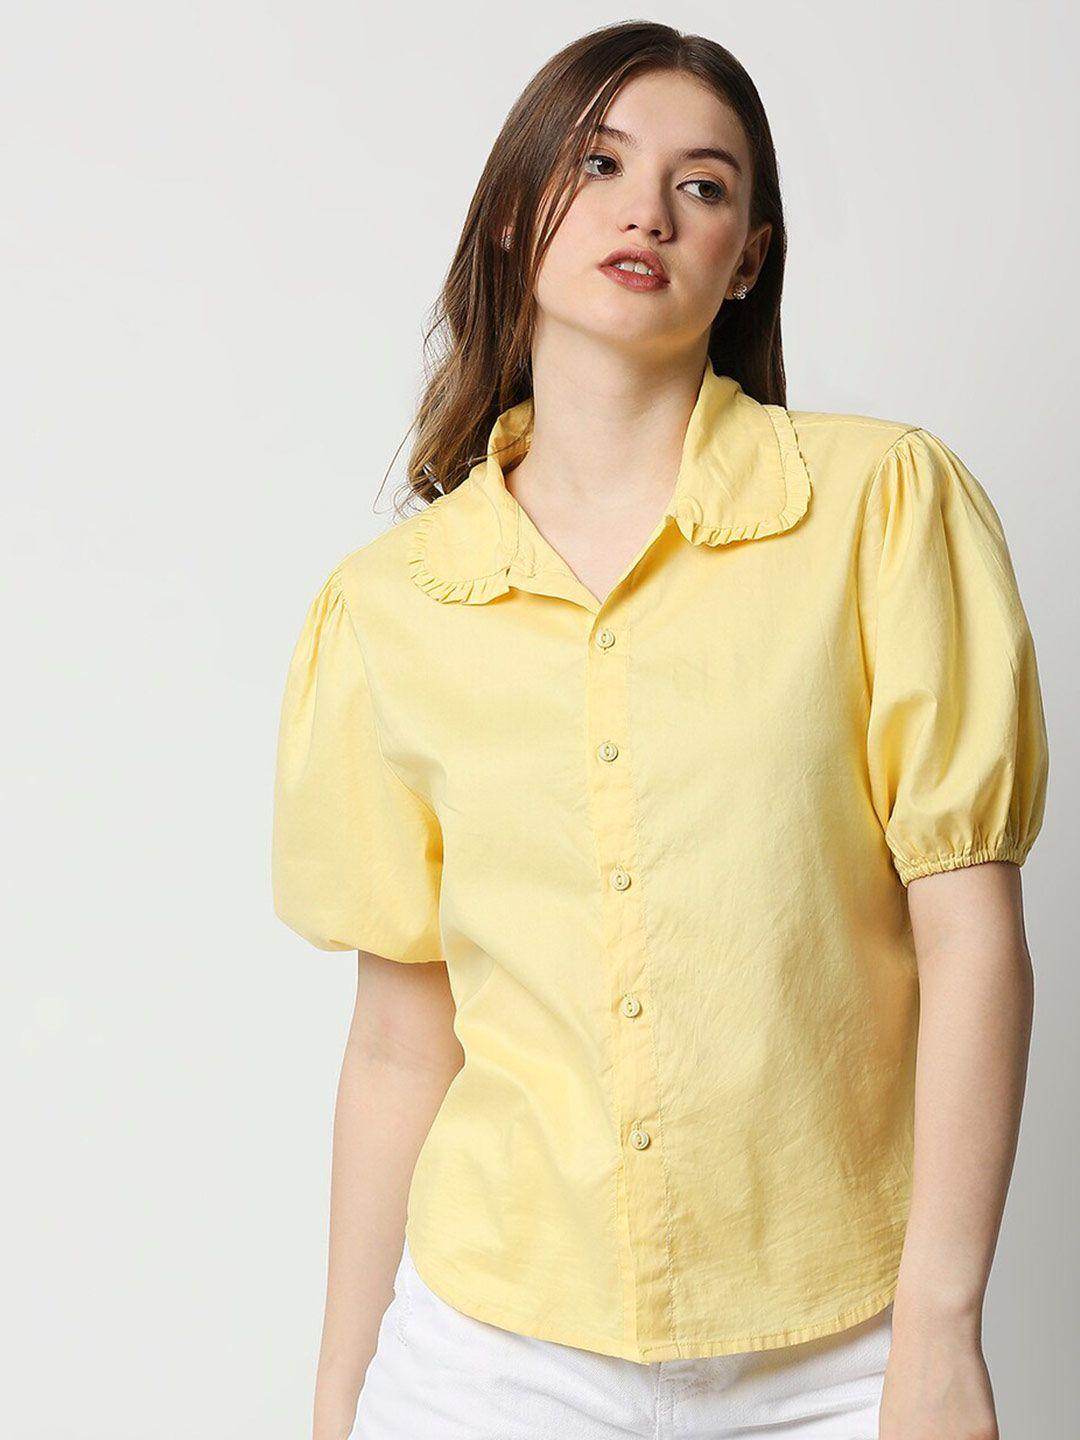 remanika yellow & goldfinch shirt style top
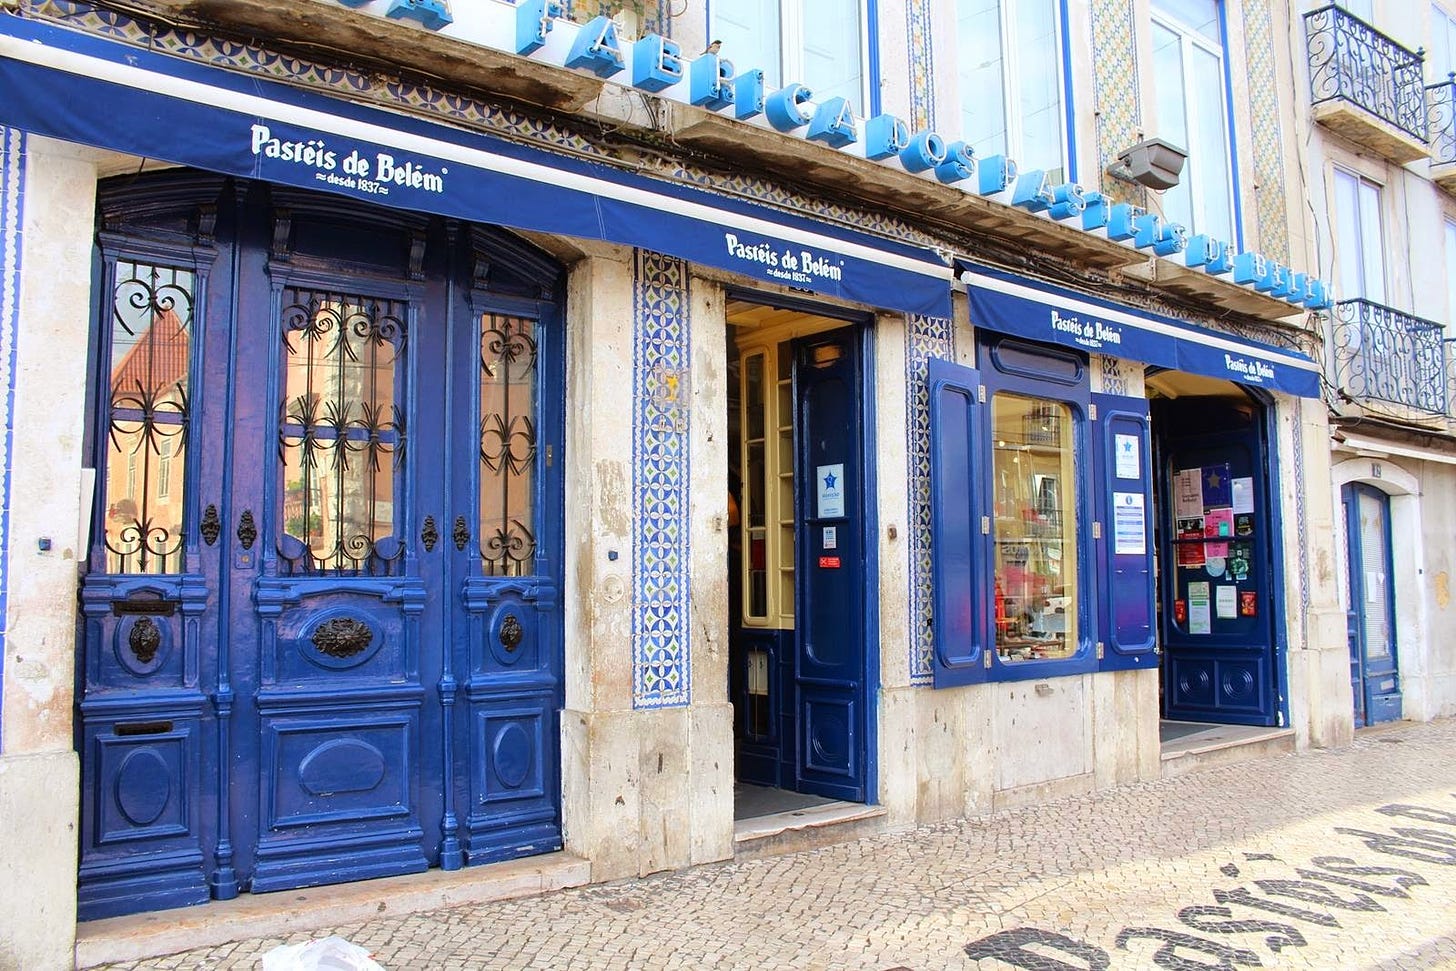 Pasteis de Belem store - Lisbon
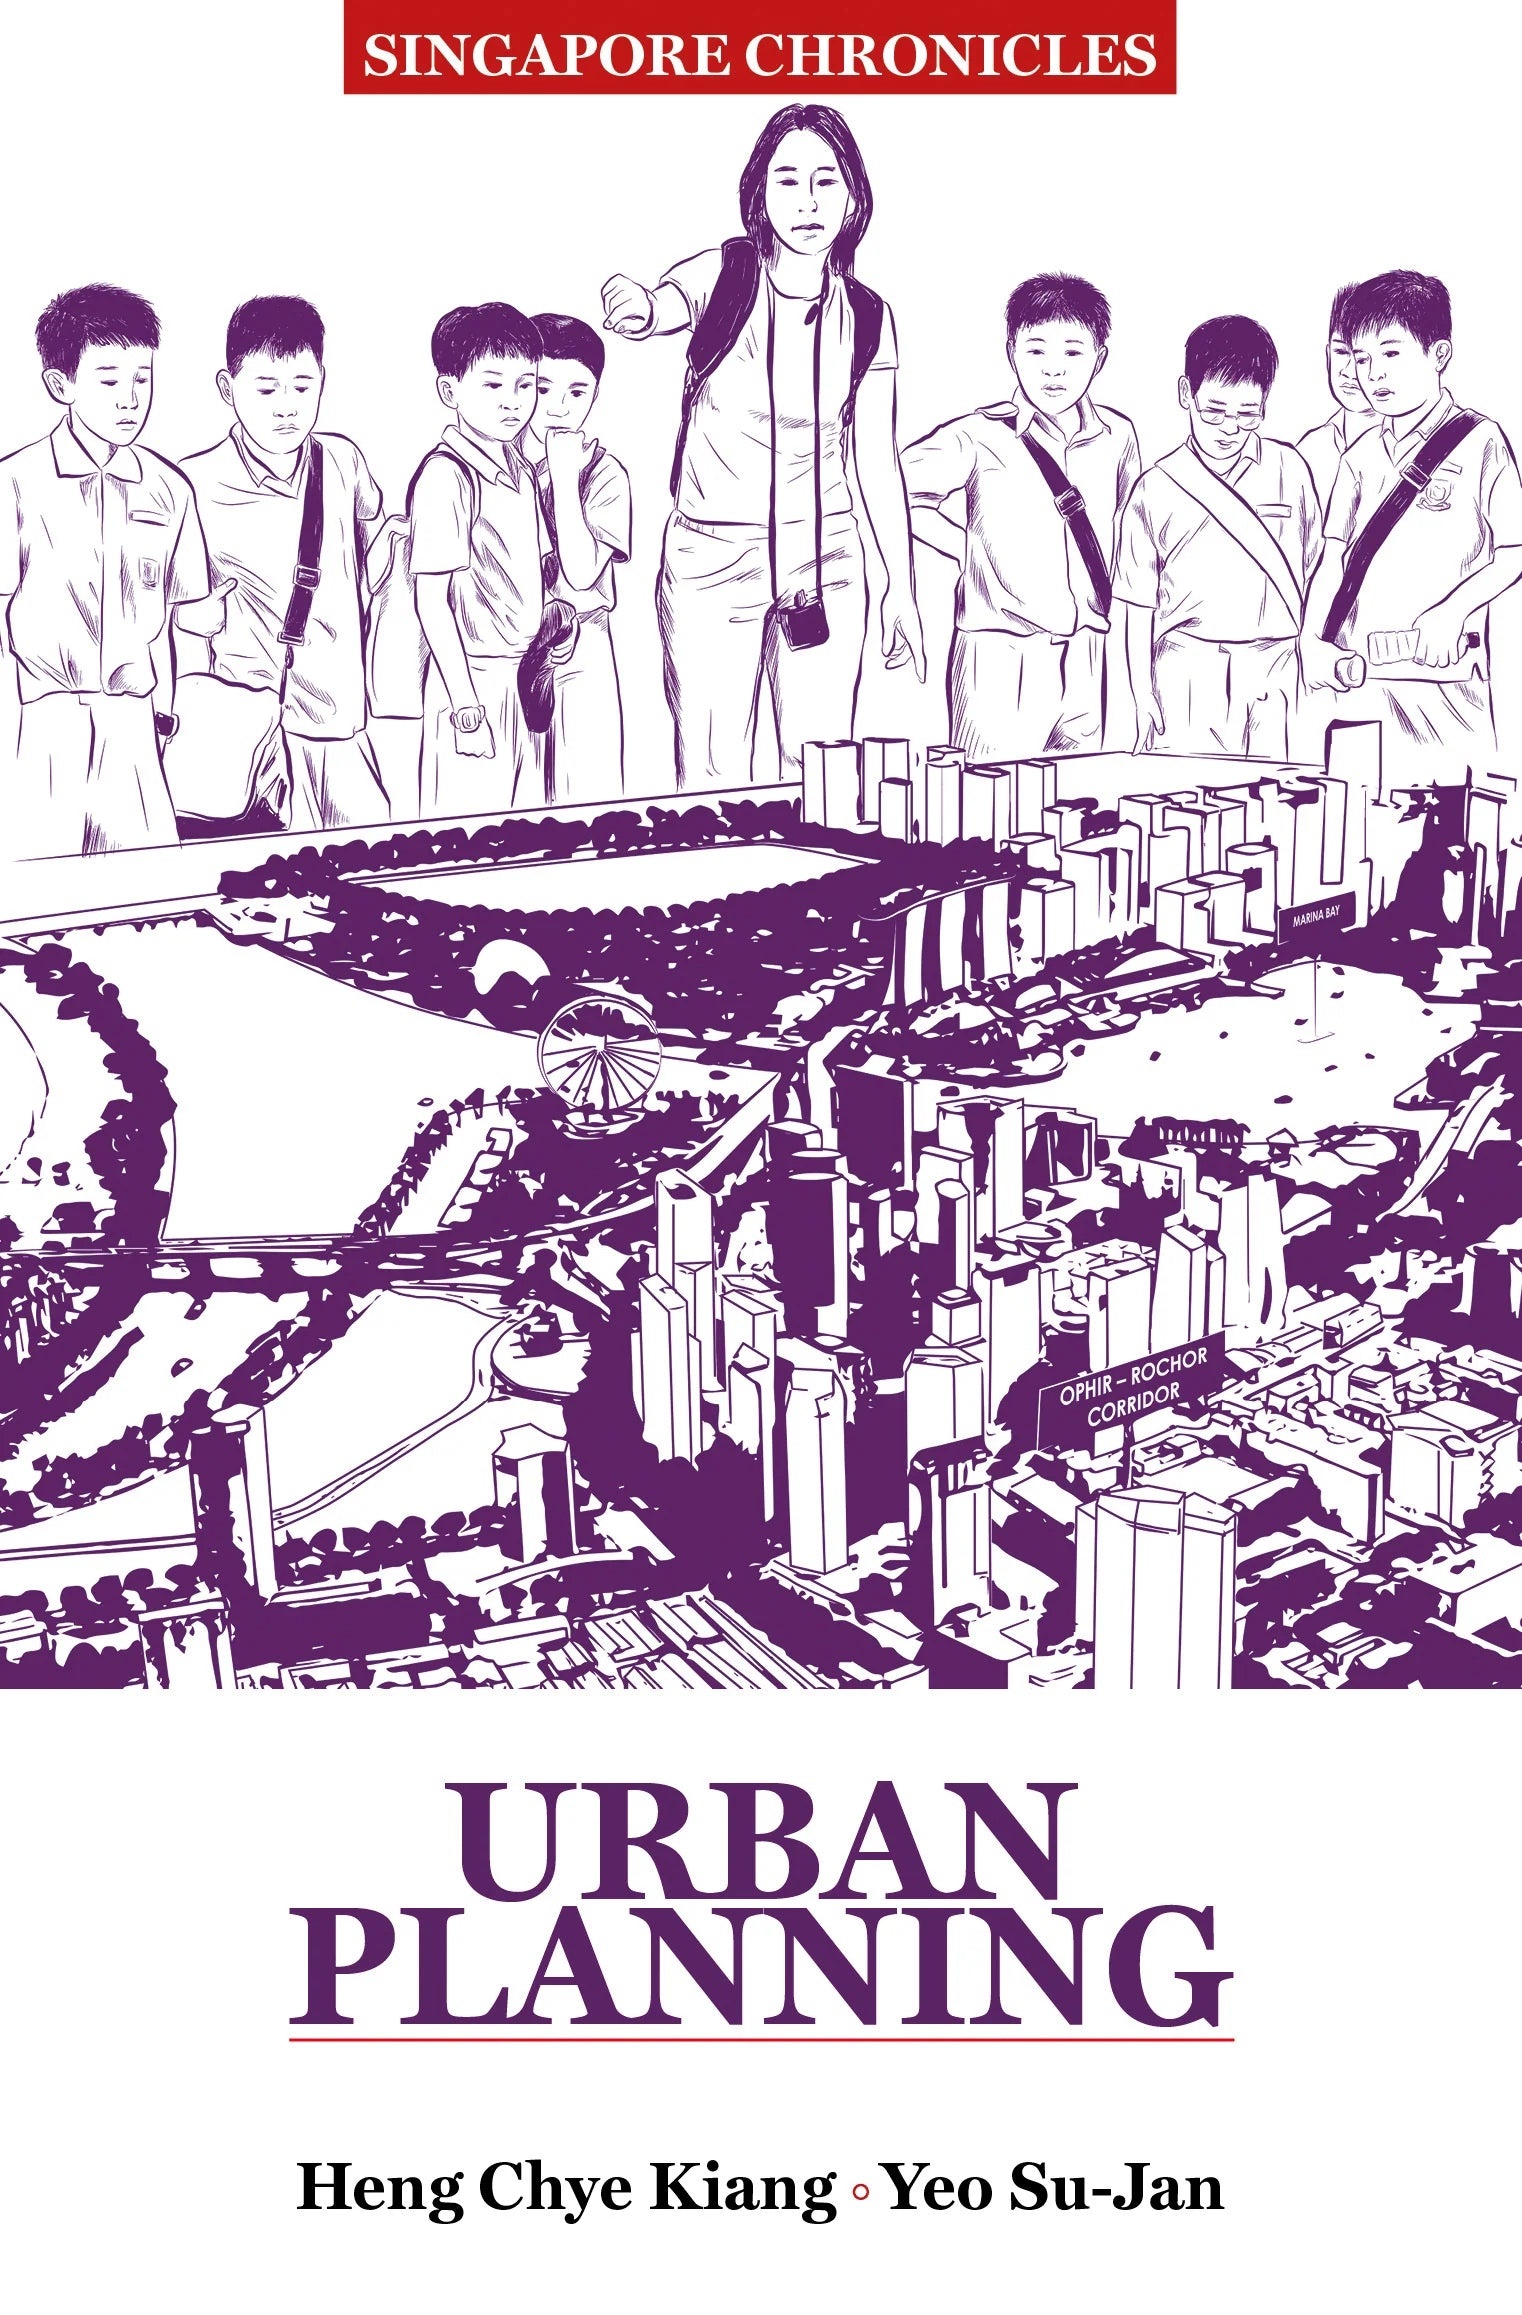 Singapore Chronicles: Urban Planning

Assigned task - Retype all the data exactly, please, without pictures.

Output for this exercise -
 remanika yellow & goldfinch shirt style top
 Pasteis de Belem store - Lisbon
 Singapore Chronicles: Urban Planning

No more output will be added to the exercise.